The following tips will give teachers the necessary and basic tools to facilitate meaningful discussions and foster interactive lessons that will improve students’ learning.
Setting the purpose. Students are entitled to know the purpose of a class discussion. This helps students understand the importance of the activity and will keep them focused. In my classroom, I usually set the purpose by writing a question on the board. Our main point will then be to come to a conclusion and thus answer the “big question.”
Keeping students engaged. Students should be engaged throughout the discussion when presented with a topic that interests everyone and of course motivates them. Also, teachers can capture the students’ attention by using our precious technology and many other visuals.
Reinforcing student responses. When teachers praise and reinforce students’ work, not only do they motivate children, but they also give them confidence to continue sharing their knowledge. Assessment is definitely essential in education, but students benefit a lot from a collaborator teacher that elaborates on students’ answers instead of only evaluating them. Another way to motivate and reinforce students’ participation is by using rewards. In my classroom I use “panda paws” which then can be redeemed for prizes. Sometimes I even use bonus points and whoever gets the most paws wins double the panda paws!

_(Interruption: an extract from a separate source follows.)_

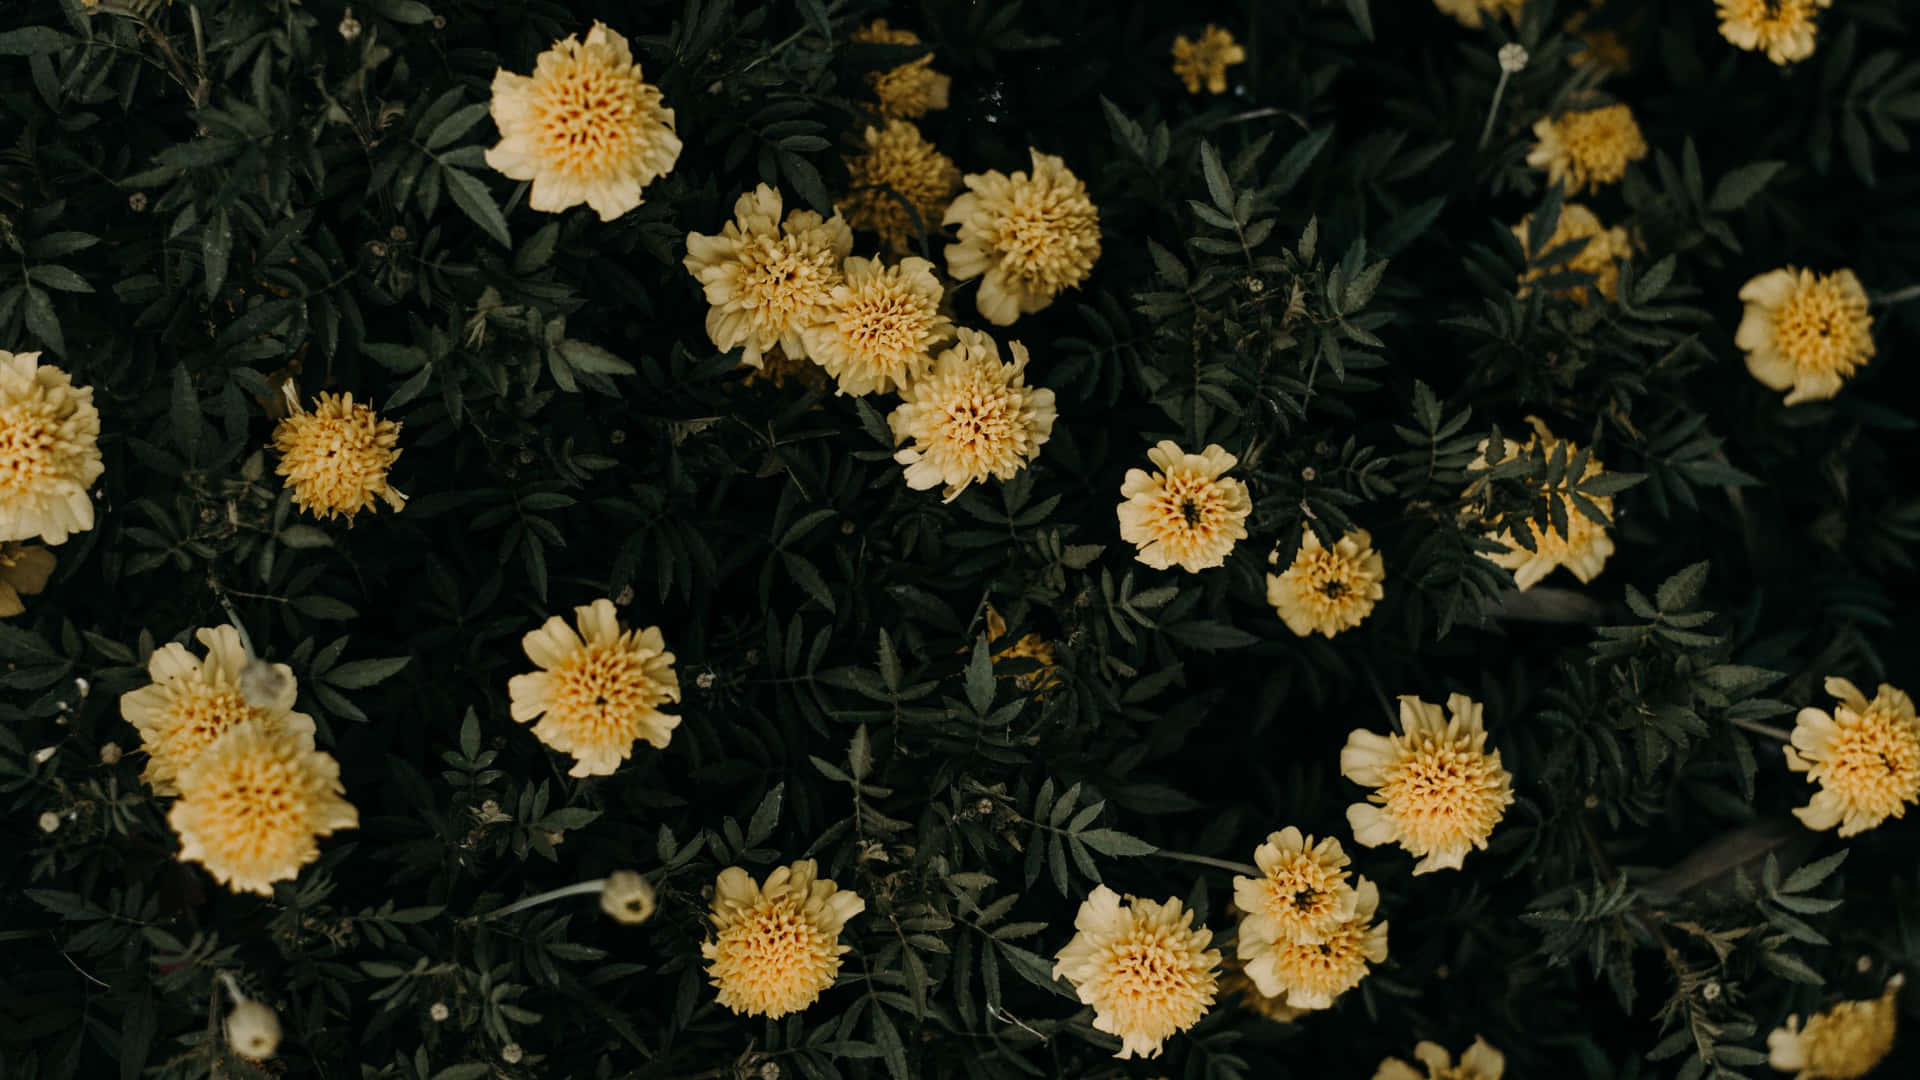 Muốn tìm kiếm bức hình nền desktop hoa thẩm mỹ màu vàng đẹp và tươi sáng? Hãy tải xuống ngay bức hình nền desktop hoa thẩm mỹ màu vàng của chúng tôi! Với một loạt các loài hoa và thành phần đẹp mắt, bức hình nền này sẽ tạo nên một không gian làm việc tuyệt vời, giúp bạn tinh thần sảng khoái và cảm thấy yên tâm. Hãy trải nghiệm ngay bây giờ!

Initiating the conversation. Many students choose not to participate in class discussions because they are afraid or because they simply do not know what to say. Using sentence starters helps students initiate their thinking process. Sentence starters also help students brainstorm ideas and prevent students from giving all the same answer.
I found these strategies to be very useful and easy to remember when conversing with my students. Our final goal is that we all take advantage of the great benefits effective communication gives teachers and students.
Margarita Contreras is a second grade bilingual teacher at Paul Revere Primary School.